Sorting Fundamentals

Why This Matters

Sorting is the most studied problem in computer science. Not because sorting itself is glamorous, but because it appears everywhere: binary search needs sorted input, database indexes maintain sort order, and scheduling algorithms prioritize by sorted criteria. Interview questions about sorting test whether you understand trade-offs, not whether you can recite code.

Sorting Properties

Before comparing algorithms, you need the vocabulary interviewers use.

Stable -- a sort is stable if equal elements keep their original relative order. If you sort students by grade and two students both have a B, a stable sort preserves whoever appeared first in the original list. Merge sort and insertion sort are stable. Quick sort and heap sort are not.

In-place -- a sort is in-place if it uses O(1) extra memory (ignoring the input array and call stack). Selection sort and insertion sort are in-place. Merge sort is not -- it needs O(n) auxiliary space for merging.

Adaptive -- a sort is adaptive if it runs faster on partially sorted input. Insertion sort is adaptive: O(n) on nearly-sorted data. Selection sort is not: it always does the same number of comparisons regardless of input order.

The Comparison-Based Lower Bound

Any sorting algorithm that works by comparing elements has a worst-case lower bound of O(n log n). The proof uses a decision tree argument: n! possible permutations require at least log2(n!) comparisons to distinguish, and log2(n!) = Theta(n log n).

This means bubble sort, selection sort, and insertion sort (all O(n^2) worst case) are provably suboptimal for large inputs. Merge sort, quick sort, and heap sort hit the O(n log n) floor.

Non-comparison sorts like counting sort and radix sort bypass this bound by exploiting the structure of the input (e.g., integers in a known range), but they are not general-purpose.

Bubble Sort

Repeatedly swaps adjacent out-of-order elements. Each pass "bubbles" the largest unsorted element to its final position.

• Time: O(n^2) average and worst. O(n) best with early-exit optimization (stop if a pass makes no swaps).
• Space: O(1). In-place.
• Stable: Yes.
• Adaptive: Yes, with early-exit flag.

Bubble sort's only real-world use is teaching. It does more swaps than insertion sort and has no advantage over it. If someone asks "which simple sort is strictly worse than the others in practice," the answer is bubble sort.

Selection Sort

Finds the minimum unsorted element and swaps it into position. Repeats until sorted.

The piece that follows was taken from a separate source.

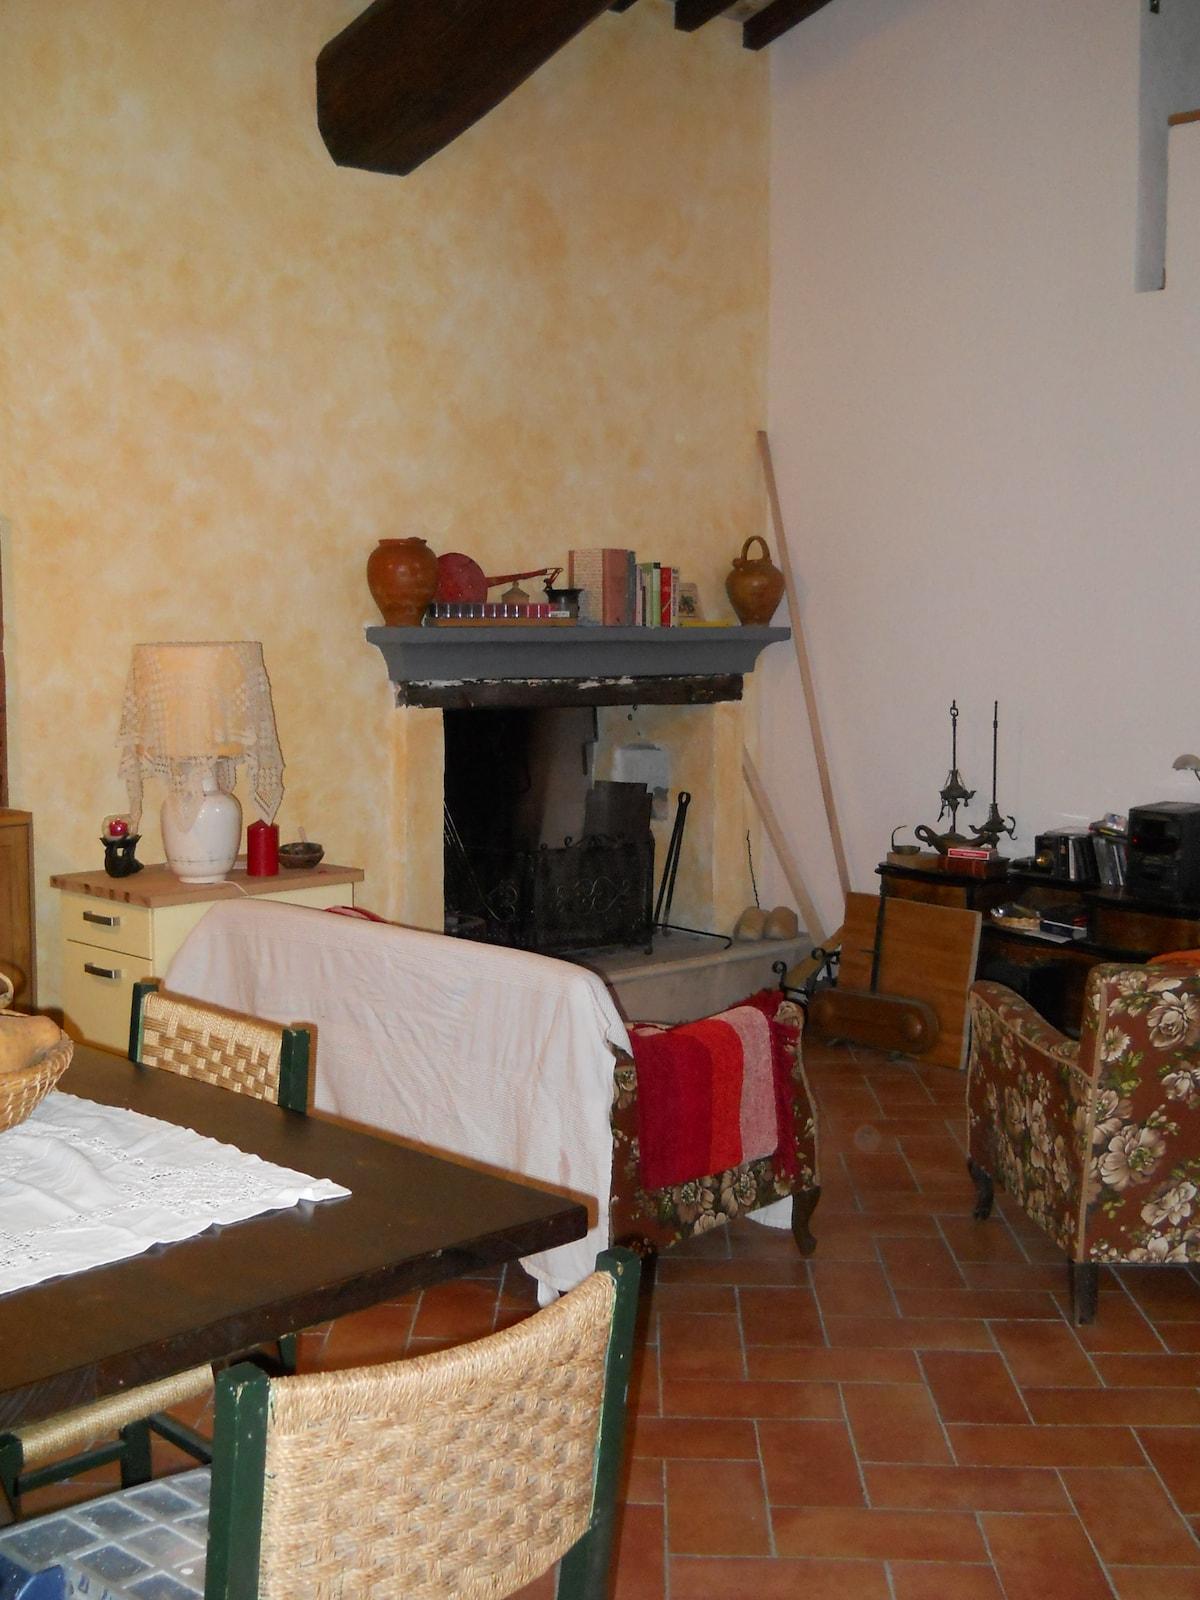 Soggiorno pranzo con vista sul camino Living/dining room with view to the fireplace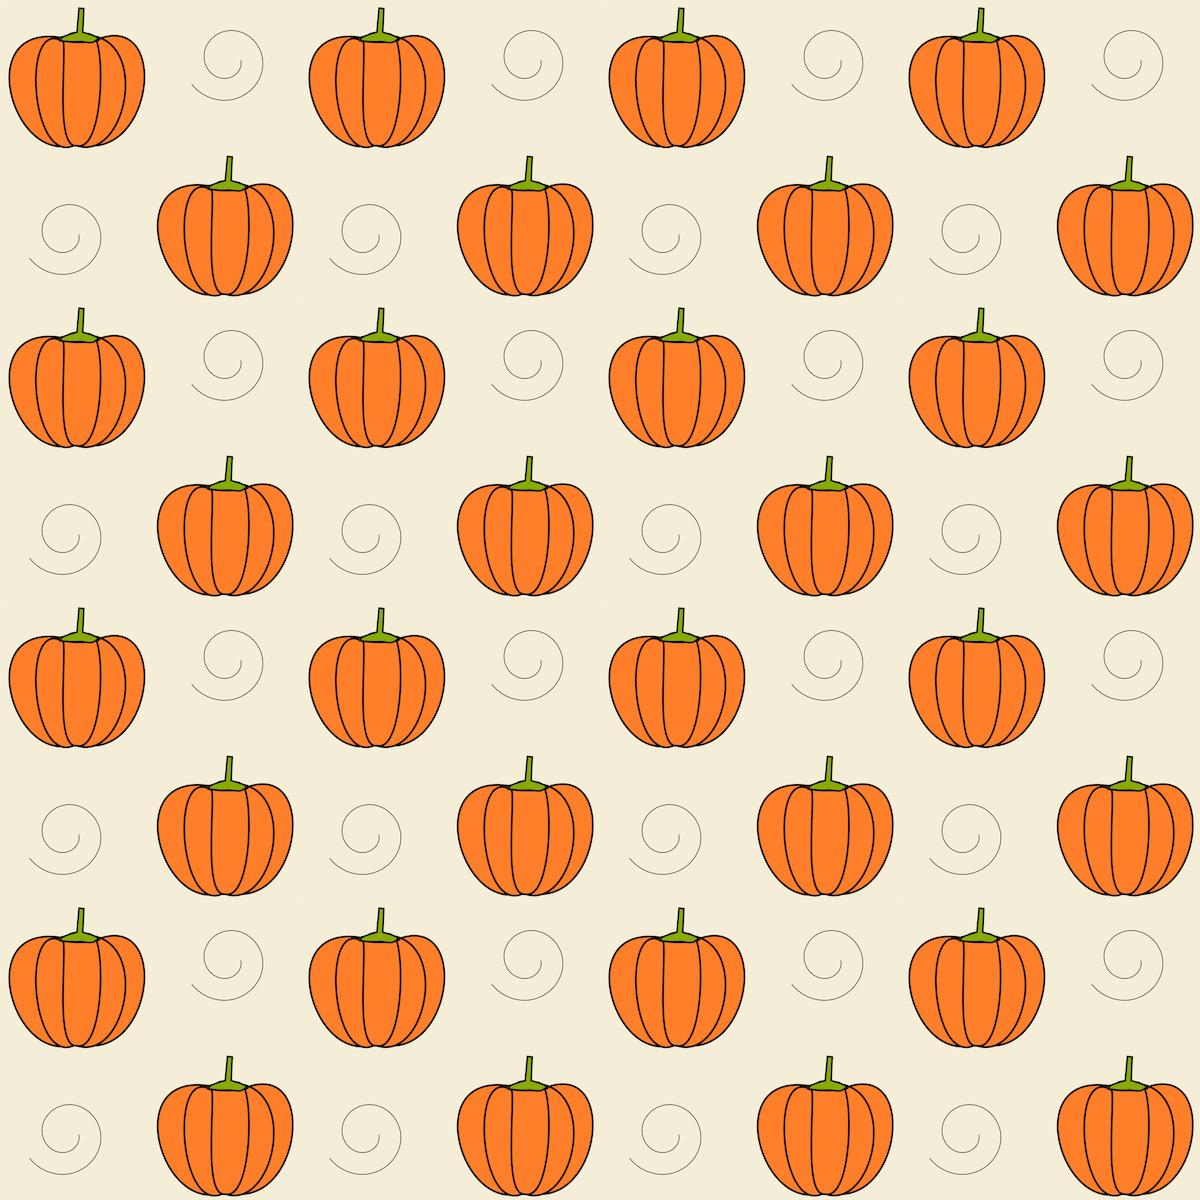 Free digital pumpkin scrapbooking paper ausdruckbares

• Time: O(n^2) always. No best-case shortcut -- it does n(n-1)/2 comparisons regardless of input order.
• Space: O(1). In-place.
• Stable: No (the swap can move equal elements out of order).
• Adaptive: No.

Selection sort's one advantage: it does at most n swaps. On hardware where writes are expensive (e.g., flash memory), minimizing swaps matters. Otherwise, insertion sort is preferred.

Insertion Sort

Builds the sorted array one element at a time. Takes each element and shifts larger elements right to make room.

• Time: O(n^2) worst (reverse-sorted input). O(n) best (already sorted -- each element requires zero shifts).
• Space: O(1). In-place.
• Stable: Yes.
• Adaptive: Yes -- performance scales with how far each element is from its sorted position.

Insertion sort is the most practical of the three elementary sorts. Real-world sorting libraries (Python's Timsort, Go's sort package) switch to insertion sort for small subarrays (typically below 12-32 elements) because its low overhead beats the constant factors of more complex algorithms at small n.

Real-World Hybrid Sorts

No production sorting library uses a single algorithm. The two most common hybrids:

Timsort (Python, Java for objects) -- merge sort + insertion sort. Finds naturally ordered runs in the data, extends short runs with insertion sort, then merges runs. Exploits real-world data that tends to have existing order.

Introsort (C++ STL, Go) -- quick sort + heap sort + insertion sort. Starts with quicksort, switches to heap sort if recursion depth exceeds 2*log(n) (to guarantee O(n log n) worst case), and finishes small partitions with insertion sort.

Key Takeaways

• Stable sorts preserve the relative order of equal elements. Merge sort and insertion sort are stable.
• The comparison-based sorting lower bound is O(n log n). Elementary O(n^2) sorts cannot beat this for large inputs.
• Insertion sort is the best elementary sort in practice -- adaptive, stable, and used as a building block inside Timsort and introsort.
• Selection sort minimizes swaps (at most n). Bubble sort has no practical advantage.